Edit your function and replace all & as &amp; This will remove the error. This happens because XML cannot parse & as it's an inbuilt tag.

编辑您的功能并替换所有&as&这将删除错误。发生这种情况是因为XML无法解析,因为它是内置标记。

#1


0  

First of all, SQL Server 2016 introduced a STRING_SPLIT TVF. You can write CROSS APPLY STRING_SPLIT(thatField,',') as items

首先,SQL Server 2016引入了STRING_SPLIT TVF。您可以将CROSS APPLY STRING_SPLIT(thatField,',')写为项目

In previous versions you still need to create a custom splitting function. There are various techniques. The fastest solution is to use a SQLCLR function.
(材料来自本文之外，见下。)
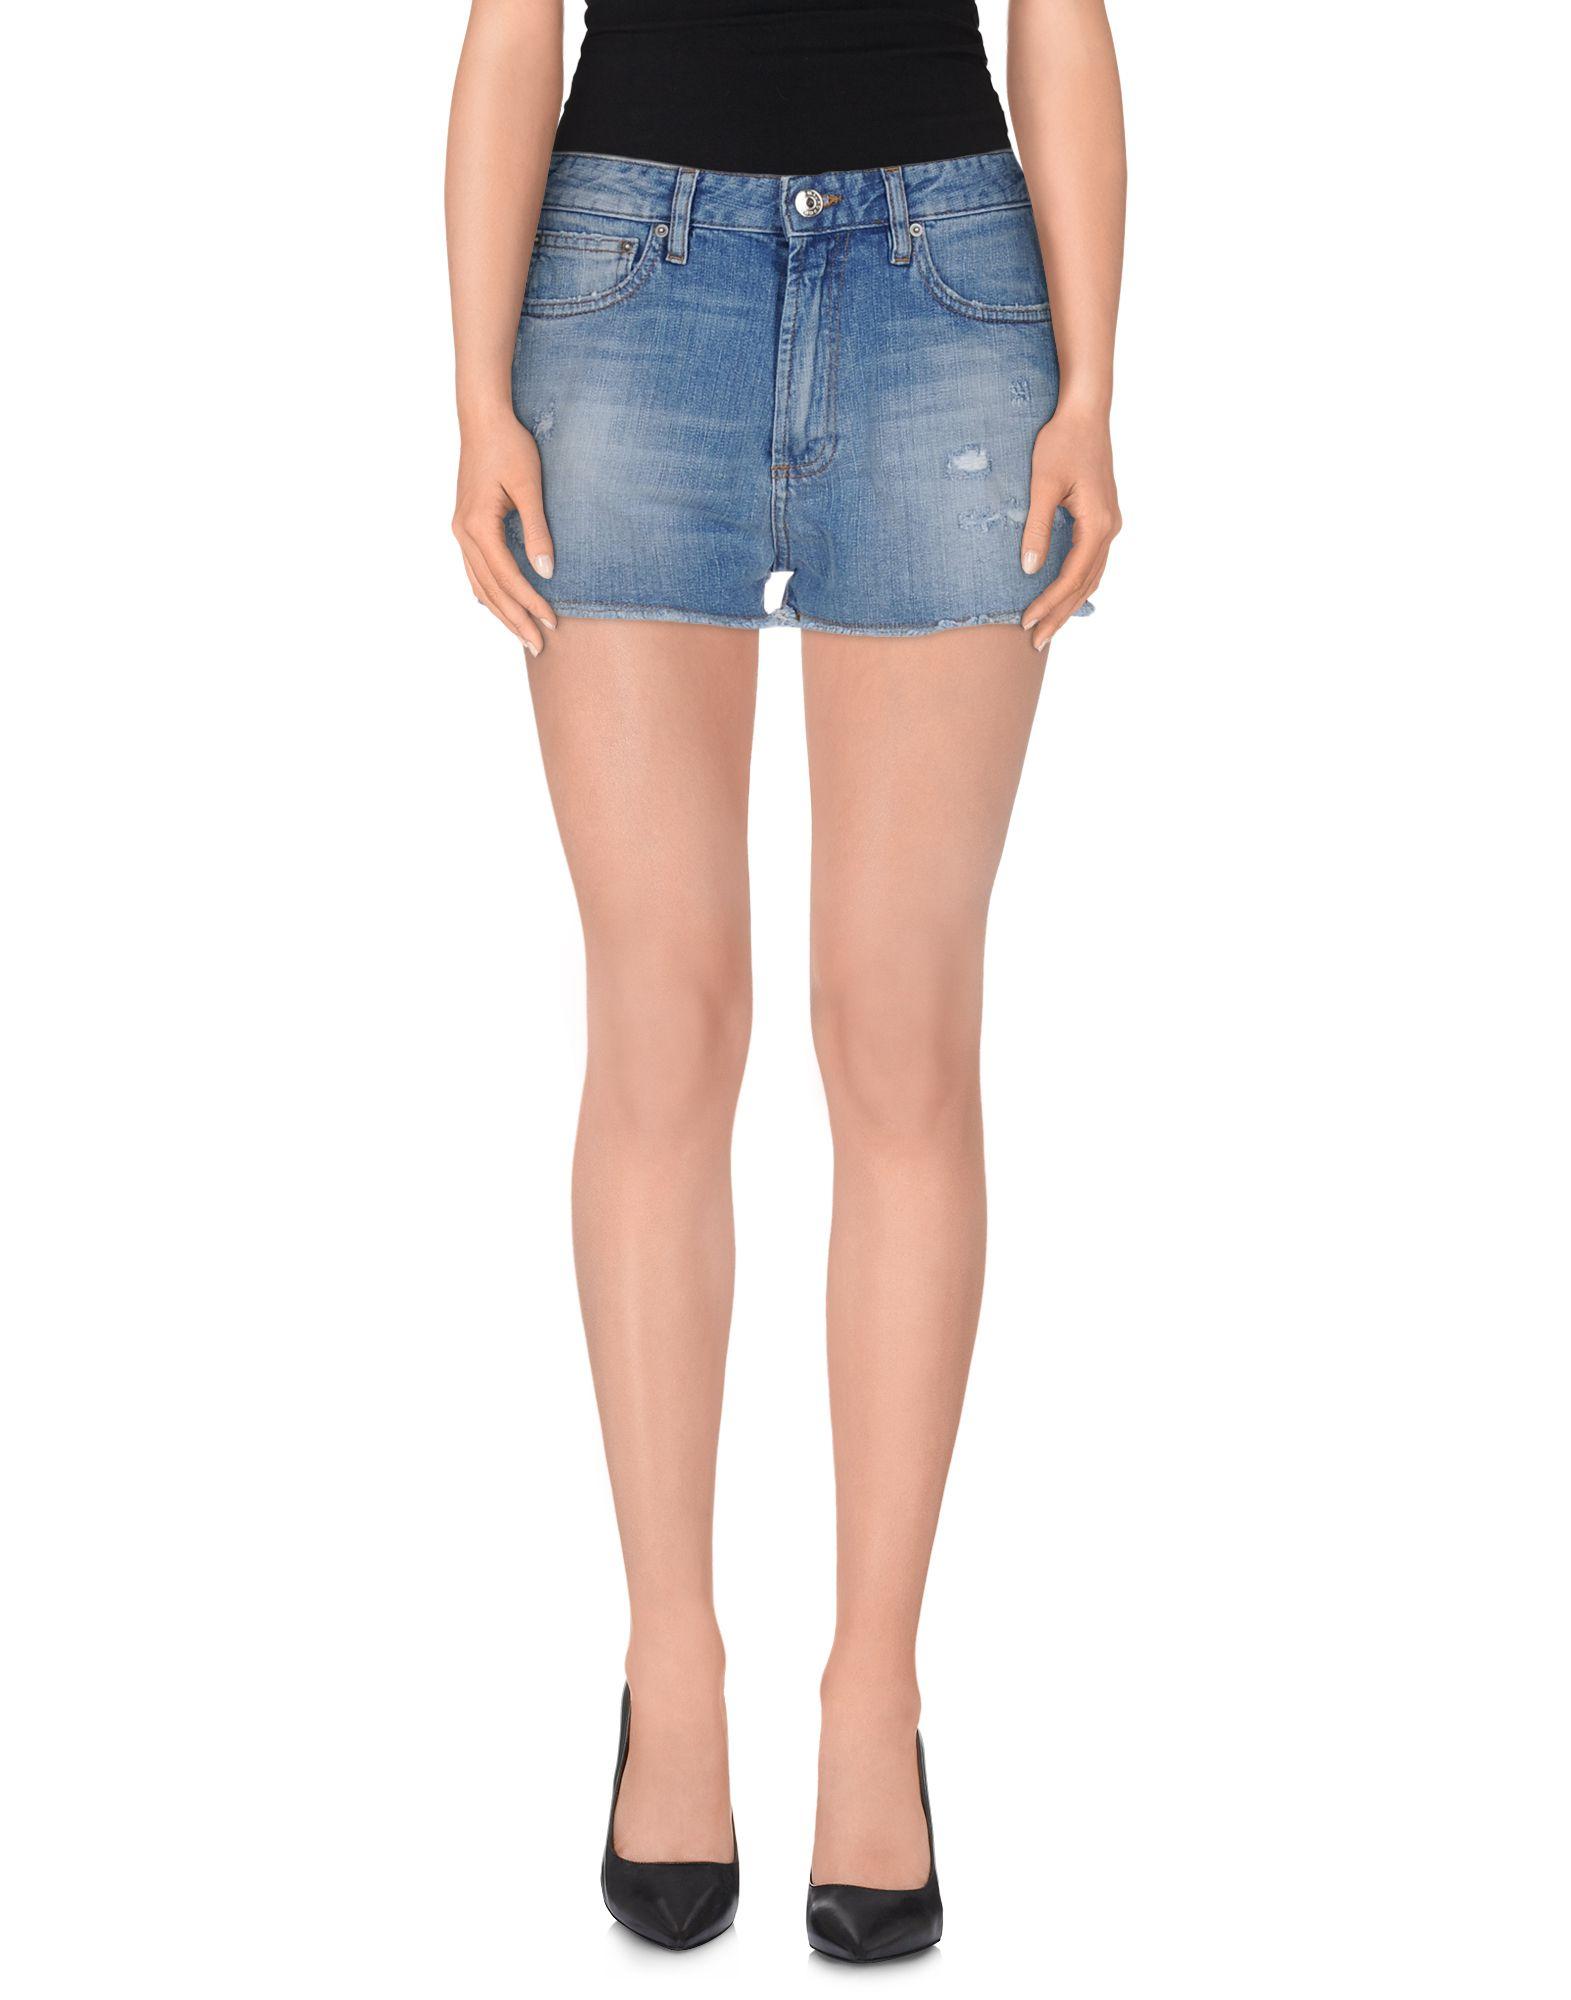 все цены на MAURO GRIFONI Джинсовые шорты в интернете

在以前的版本中,您仍然需要创建自定义拆分功能。有各种技术。最快的解决方案是使用SQLCLR功能。

In some cases, the second fastest is what you used - convert the text to XML and select the nodes. A well known problem with this splitting technique is that illegal XML characters will break it, as you found out. That's why Aaron Bertrand doesn't consider this a generic splitter.
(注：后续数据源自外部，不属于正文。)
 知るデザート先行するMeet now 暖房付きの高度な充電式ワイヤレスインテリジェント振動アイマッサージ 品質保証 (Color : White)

在某些情况下,第二快是您使用的 - 将文本转换为XML并选择节点。正如您所发现的,这种分裂技术的一个众所周知的问题是非法的XML字符会破坏它。这就是为什么Aaron Bertrand不认为这是一个通用的分离器。

You can replace invalid characters by their encoded values, eg & with &amp; but you have to be certain that your text will never contain such encodings.
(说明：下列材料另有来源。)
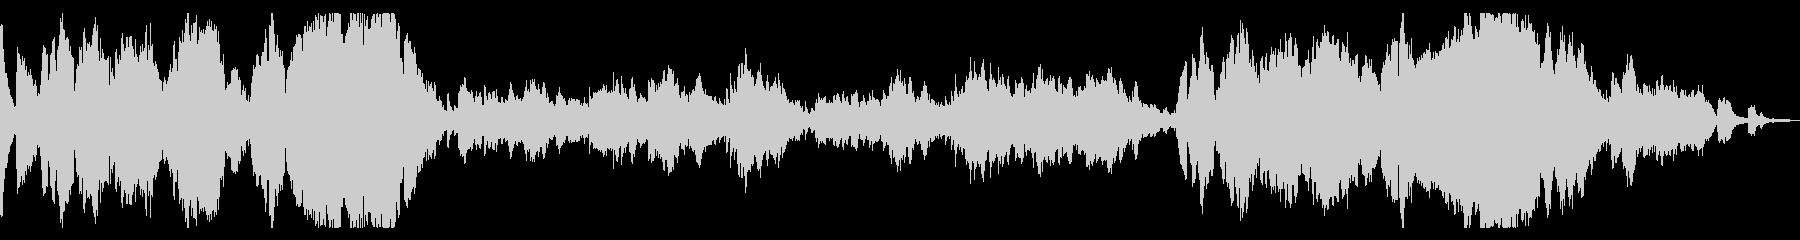 KANTショパン幻想即興曲の未再生の波形

您可以通过编码值替换无效字符,例如&&&&但你必须确定你的文本永远不会包含这样的编码。

Perhaps you should investigate different techniques, like the Moden function, which can be faster in many situations :

也许您应该研究不同的技术,比如Moden函数,它在许多情况下可以更快:

CREATE FUNCTION dbo.SplitStrings_Moden
(
   @List NVARCHAR(MAX),
   @Delimiter NVARCHAR(255)
)
RETURNS TABLE
WITH SCHEMABINDING AS
RETURN
  WITH E1(N)        AS ( SELECT 1 UNION ALL SELECT 1 UNION ALL SELECT 1 UNION ALL SELECT 1 
                         UNION ALL SELECT 1 UNION ALL SELECT 1 UNION ALL SELECT 1 
                         UNION ALL SELECT 1 UNION ALL SELECT 1 UNION ALL SELECT 1),
       E2(N)        AS (SELECT 1 FROM E1 a, E1 b),
       E4(N)        AS (SELECT 1 FROM E2 a, E2 b),
       E42(N)       AS (SELECT 1 FROM E4 a, E2 b),
       cteTally(N)  AS (SELECT 0 UNION ALL SELECT TOP (DATALENGTH(ISNULL(@List,1))) 
                         ROW_NUMBER() OVER (ORDER BY (SELECT NULL)) FROM E42),
       cteStart(N1) AS (SELECT t.N+1 FROM cteTally t
                         WHERE (SUBSTRING(@List,t.N,1) = @Delimiter OR t.N = 0))
  SELECT Item = SUBSTRING(@List, s.N1, ISNULL(NULLIF(CHARINDEX(@Delimiter,@List,s.N1),0)-s.N1,8000))
    FROM cteStart s;

Personally I created and use a SQLCLR UDF.

我个人创建并使用了SQLCLR UDF。

Another option is to avoid splitting altogether and pass table-valued parameters from the client to the server. Or use a microORM like Dapper that can construct an IN (...) clause from a list of values, eg:

另一种选择是避免完全拆分并将表值参数从客户端传递到服务器。或者使用像Dapper这样的microORM,它可以从值列表构造IN(...)子句,例如:

var products=connection.Query<Product>("select * from products where id in @ids",new {ids=myIdArray});

An ORM like EF that supports LINQ can also generate an IN clause :

支持LINQ的类似EF的ORM也可以生成IN子句:

var products = from product in dbContext.Products
               where myIdArray.Contains(product.Id)
               select product;

#2


1  

Edit your function and replace all & as &amp; This will remove the error. This happens because XML cannot parse & as it's an inbuilt tag.

编辑您的功能并替换所有&as&这将删除错误。发生这种情况是因为XML无法解析,因为它是内置标记。